Does Buddhism have any recommendation for particular time of day for meditation? Can I meditate before going to sleep at night if I don't feel drowsy before I go to bed?

Is there any Sutra which talks about this?

  • 1
    Just to be clear, you are asking if there is anything in the scriptures on this? And not asking about other people's personal experience and recommendations?
    – THelper
    Jul 24, 2014 at 8:20
  • @THelper, maybe both. I would like to know if there is any sutra which recommends the timings. Also what practitioners & teachers say.
    – Bharat
    Jul 24, 2014 at 14:12

5 Answers 5


No such recommended time. Especially if you are doing Vipassana meditation, you are advised to practice Samma Sati all the time. But early morning(just before dawn) is said to be a good time for meditation since the world is still sleeping and the mind is very clear and less distracted. So you can easily attain Samadhi. You'll find that it's a very good time to study as well. You can easily memorise things. All the Buddhas have attained enlightenment just before dawn as I've heard. Yes, you can do meditation before going to bed. If it's Vipassana meditation, drowsiness won't be a problem as you can meditate on the drowsiness. Some people with insomnia try meditation at nights to help them fall asleep.


Thought I total agree that there isn't a particular time of day for meditation I personally think it is important to have a time of day of your choosing that you aim to meditate. So if that's morning then great or late of an evening then also great. However the important thing is that there is a time and you make an attempt to stick to it (without beating yourself up if you miss it). With a structure you will be more likely to have a regular meditation practice. Without a structure my experience is that things will slip.

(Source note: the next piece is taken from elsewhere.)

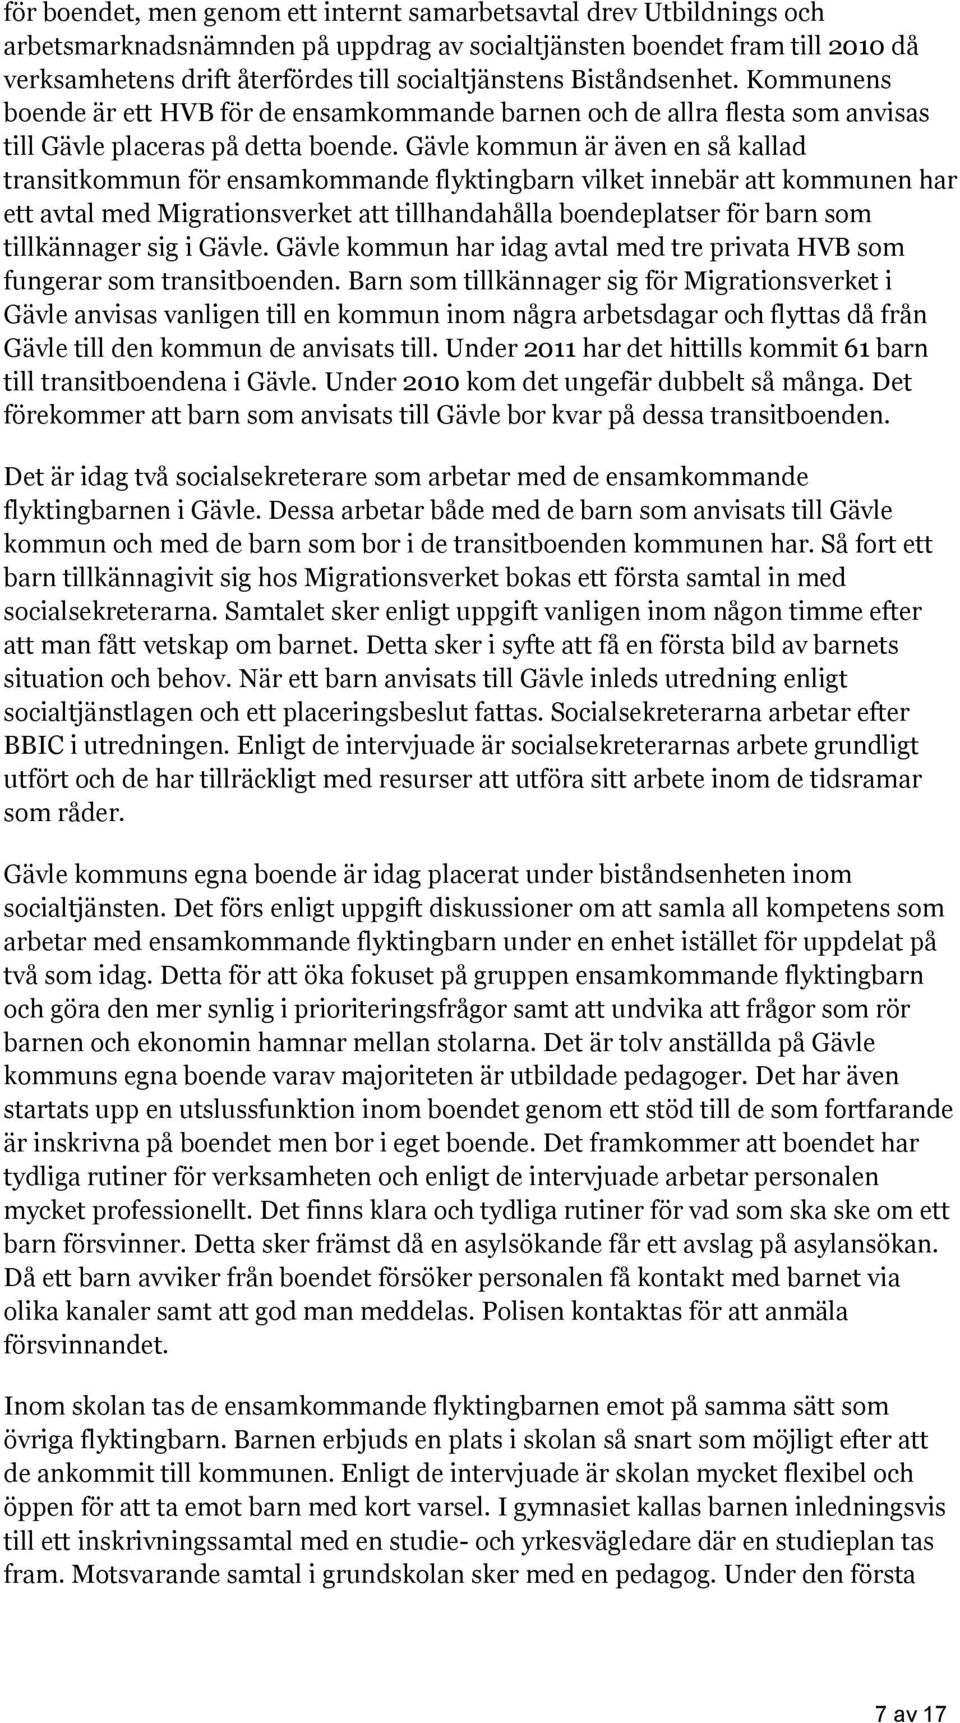 Gävle kommun är även en så kallad transitkommun för ensamkommande flyktingbarn vilket innebär att kommunen har ett avtal med Migrationsverket att tillhandahålla boendeplatser för barn som

That said, I think there are times when it's going to be harder to meditate. I've always found after lunch particularly difficult. You are naturally more sleepy then, so sloth and torpor will be pronounced hindrances. Still even an after lunch meditation is possible particularly something like a walking meditation.


I can answer based on the retreats I've done, this is not an universal rule or something.

We used to Meditate twice a day, first before dawn with empty stomach for 30 or 40 minutes and then after bedtime again 30 or 40 minutes. It is important not to have a full stomach when meditating.

Of course, if you go to a retreat focused on meditation you will meditate much more than that. At home I try to meditate at least 20 minutes per day, but I don't think this is enough, I'm trying to increase.


Any time that you actually will do it is the best time! Enough said.

...Here's a list of conditions that make my meditation effortlessly take off into concentration/wisdom:

  1. physical needs satiated (hunger, warmth, thirst, sex)
  2. no food in digestive tracts
  3. no feces in bowels
  4. did physical exercise (or yoga or some sort of physical tonification)
  5. drink some light tea
  6. no recent emotional/social problems plaguing the mind
  7. evening-time or early morning: not too early, not too late, not too much thinking on mind at these times (during the day it is business time)
  8. after reading some motivating dharma stories, especially Taoist
  9. after reading proper practice instruction

The last one is key and one should always at least mentally review how to practice before practicing.


18 hours is the proper time for daily meditation :) The essence of Lord Buddha's teachings is mindfulness which means focusing to the present moment objectively without puting any judgements to it whether its positive, negative or neutral experience.

A beginner meditator's mind would be deeply cloudy and would have intense physical and mental addictions. Especially the modern technology age's "sweet" escaping tools is a real enemy for the meditator. If a meditator does few minutes(or even hours) of meditation, he or she mustn't think that "I finished my job today now I can go and entertain myself".

The real positive results comes when the meditator meditates all day long, which means he continues to practice mindfulness after finishing formal meditation session, whether he or she is walking, drinking water, sitting on a bus, or working on his/her job.

There is a hardcore path too, when the meditator starts practising intensive meditaton for long periods of time(If he or she has time and place ofcourse). But its not possible to start walking on that path unless the meditator really starts to become a master of living in the present moment.

"Do not dwell in the past, do not dream of the future, concentrate the mind on the present moment." BUDDHA

  • Could you say in which sutta the Buddha mentioned 18 hours. Thanks.